Transcontinental Railroad
- Definition: A coast‑to‑coast railroad system completed in 1869 (Union Pacific met Central Pacific at Promontory, Utah) that linked eastern markets to the West.
- Importance: It revolutionized transportation and commerce, lowered shipping costs, created national markets that fueled big corporations, promoted mass migration and settlement of the West, and accelerated displacement of Native peoples. It also stimulated related industries (steel, coal, timber) and time standardization.
Homestead Act (1862)
- Definition: Federal law that granted 160 acres of public land to settlers who lived on and improved the land for five years.
- Importance: It encouraged westward migration by making land accessible to millions, helping fulfill Manifest Destiny and agricultural expansion. But it also led to increased conflict over land with Plains Indians and contributed to environmental strain on marginal lands.
Plains Indians
- Definition: Diverse Indigenous tribes (e.g., Sioux, Cheyenne, Comanche, Arapaho, Pawnee) whose cultures, economies, and lifeways on the Great Plains were often centered on buffalo hunting and nomadic or semi-nomadic patterns.
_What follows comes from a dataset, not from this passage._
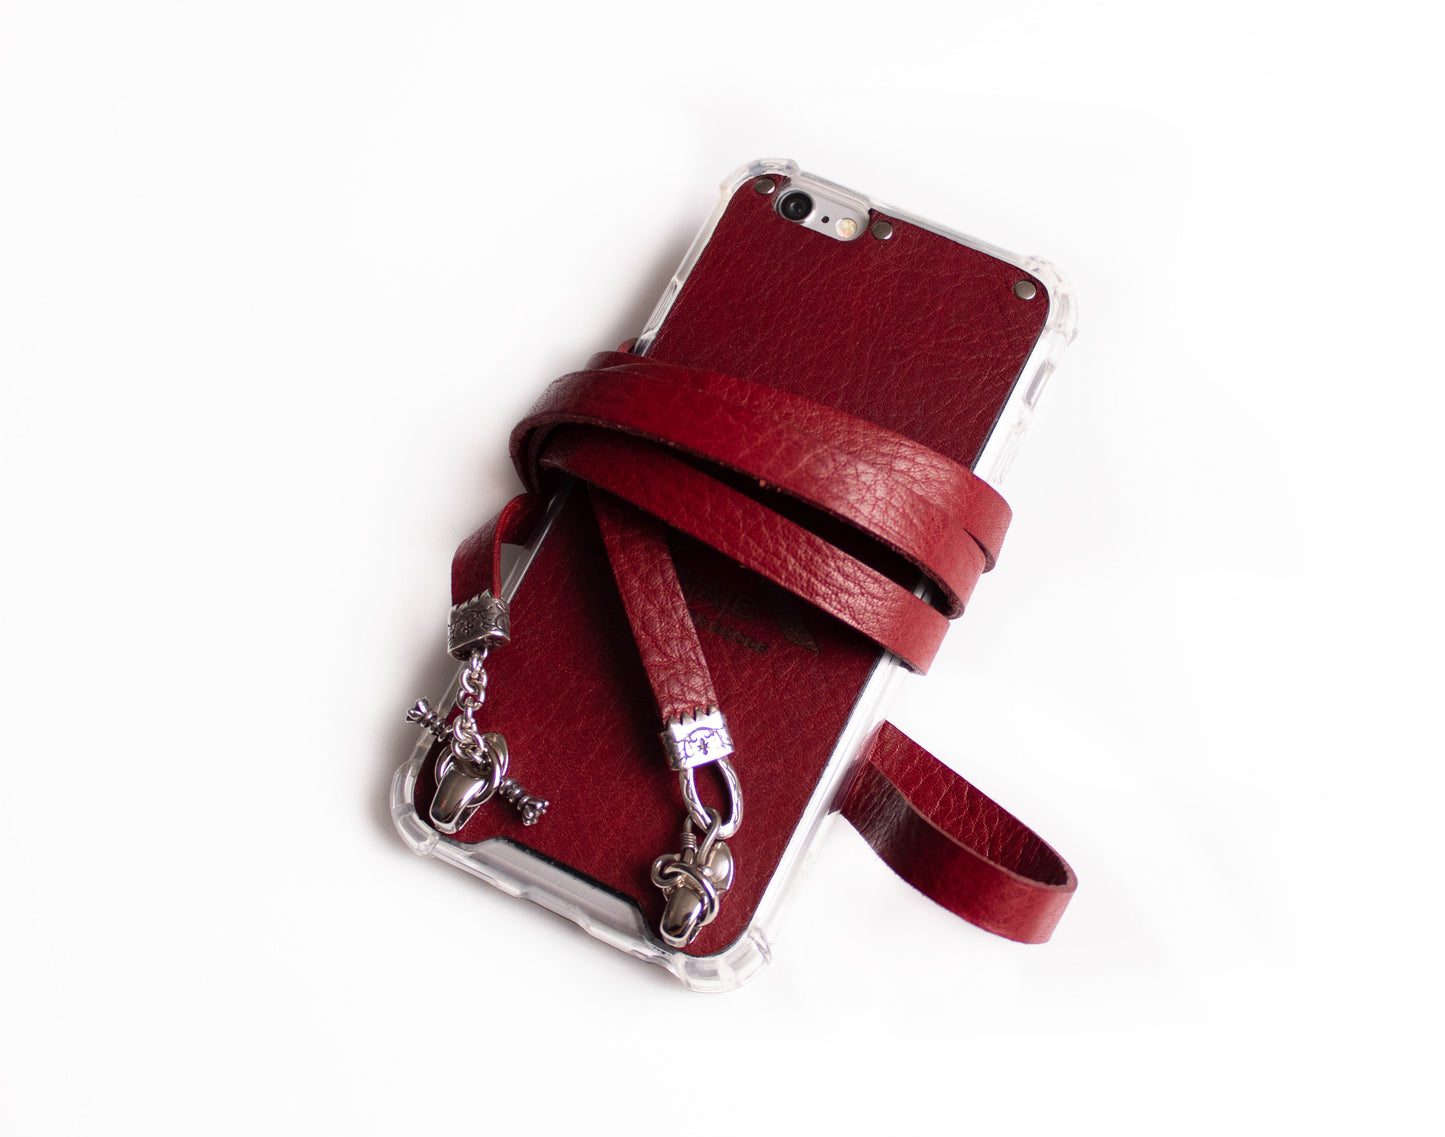 Full-Grain Genuine vegetable-tanned Leather & 925 Sterling Silver Case for iPhone. Double Full-Grain Genuine vegetable-tanned Leather Bracelet/Crossbody/Necklace, Blue, Brown, Black, or Red.- F05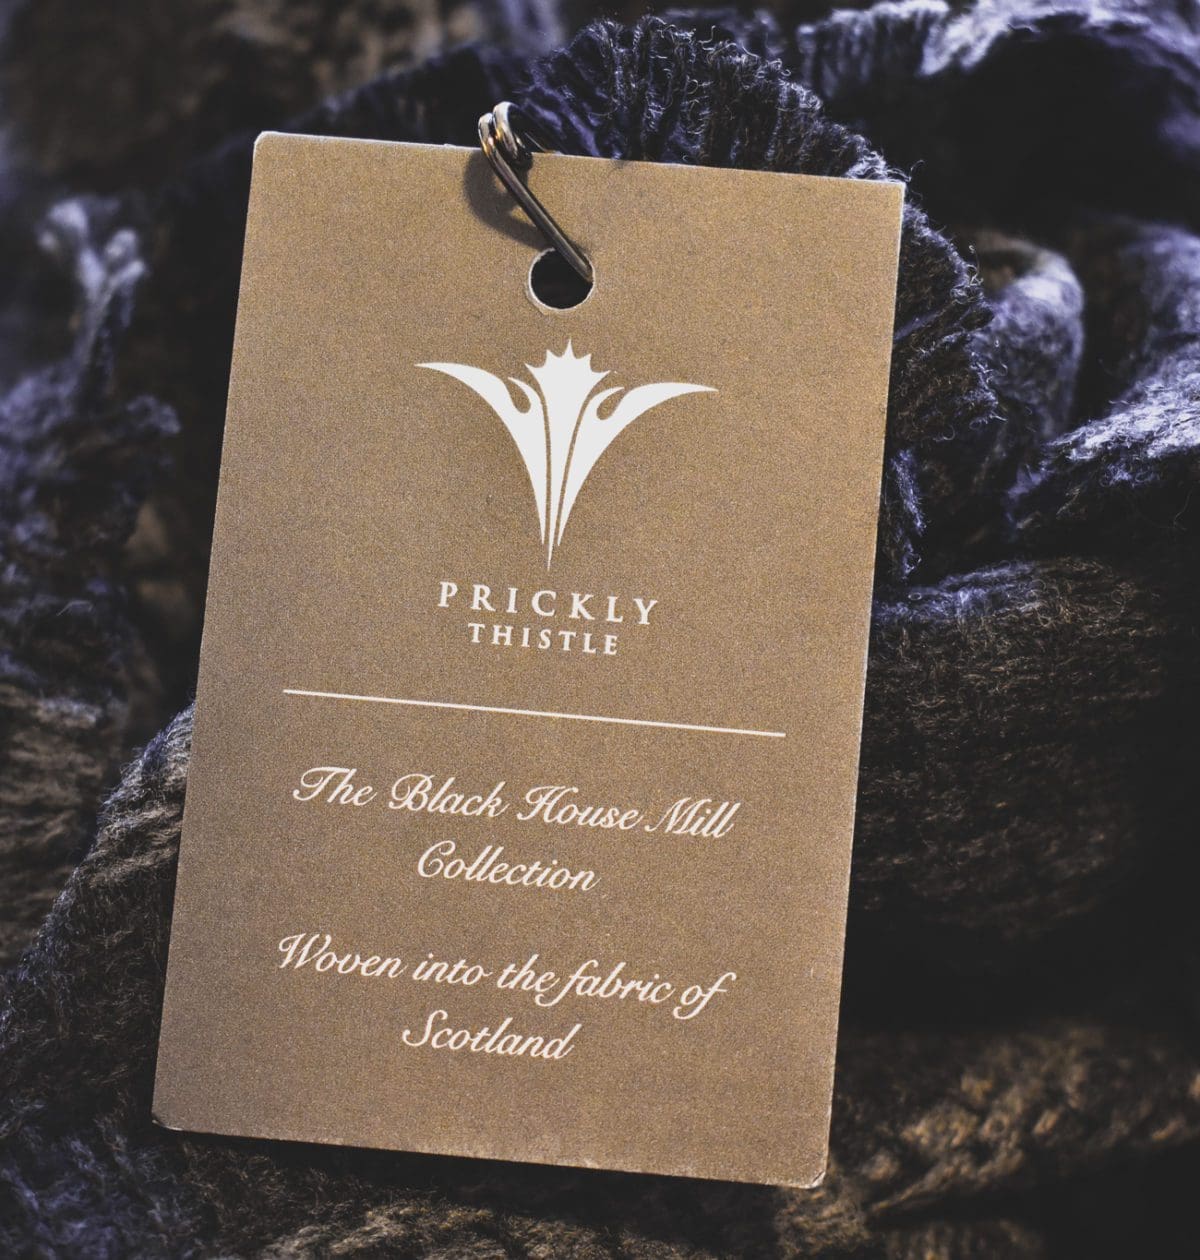 Prickly Thistle is the only tartan weaving mill in the Highland region of Scotland, and they have been working to build a home for their operation for a few years now. Read about why this Mill is so special to me and learn more about their process here!

- Importance: Plains tribes were profoundly affected by railroads, settlers, and the federal policy of expansion—losing land, food sources (buffalo decline), and autonomy. Their resistance and treaties shaped federal Indian policy and military campaigns during westward expansion.
Reservation
- Definition: Land set aside by the U.S. government for Native American tribes, often established by treaties or executive orders.
- Importance: Reservations confined Native peoples to limited areas, undermined traditional economies and sovereignty, and facilitated settlement and resource extraction by settlers. The reservation system became a central tool for controlling and assimilating Native populations.
Dawes Act (1887)
- Definition: Federal law that broke up tribal lands into individual allotments (usually 160 acres per family head) and sold "surplus" land to non‑Native settlers, aiming to assimilate Native Americans into white agrarian culture.
- Importance: It accelerated loss of tribal landholdings (millions of acres) and eroded tribal governance and communal life, further dispossessing Native peoples and enabling settlement and ranching/railroad expansion—advancing Manifest Destiny at the expense of Indigenous sovereignty.
Wounded Knee (1890)
- Definition: The massacre on December 29, 1890, near Wounded Knee Creek (South Dakota), where U.S. troops killed approximately 150–300 Lakota men, women, and children during an attempt to disarm a band of Lakota.
- Importance: Wounded Knee symbolized the violent end of large‑scale Native armed resistance on the Plains and the tragic human cost of U.S. expansionist policies. It marked a definitive shift toward full federal control over Native peoples and closure of the frontier era.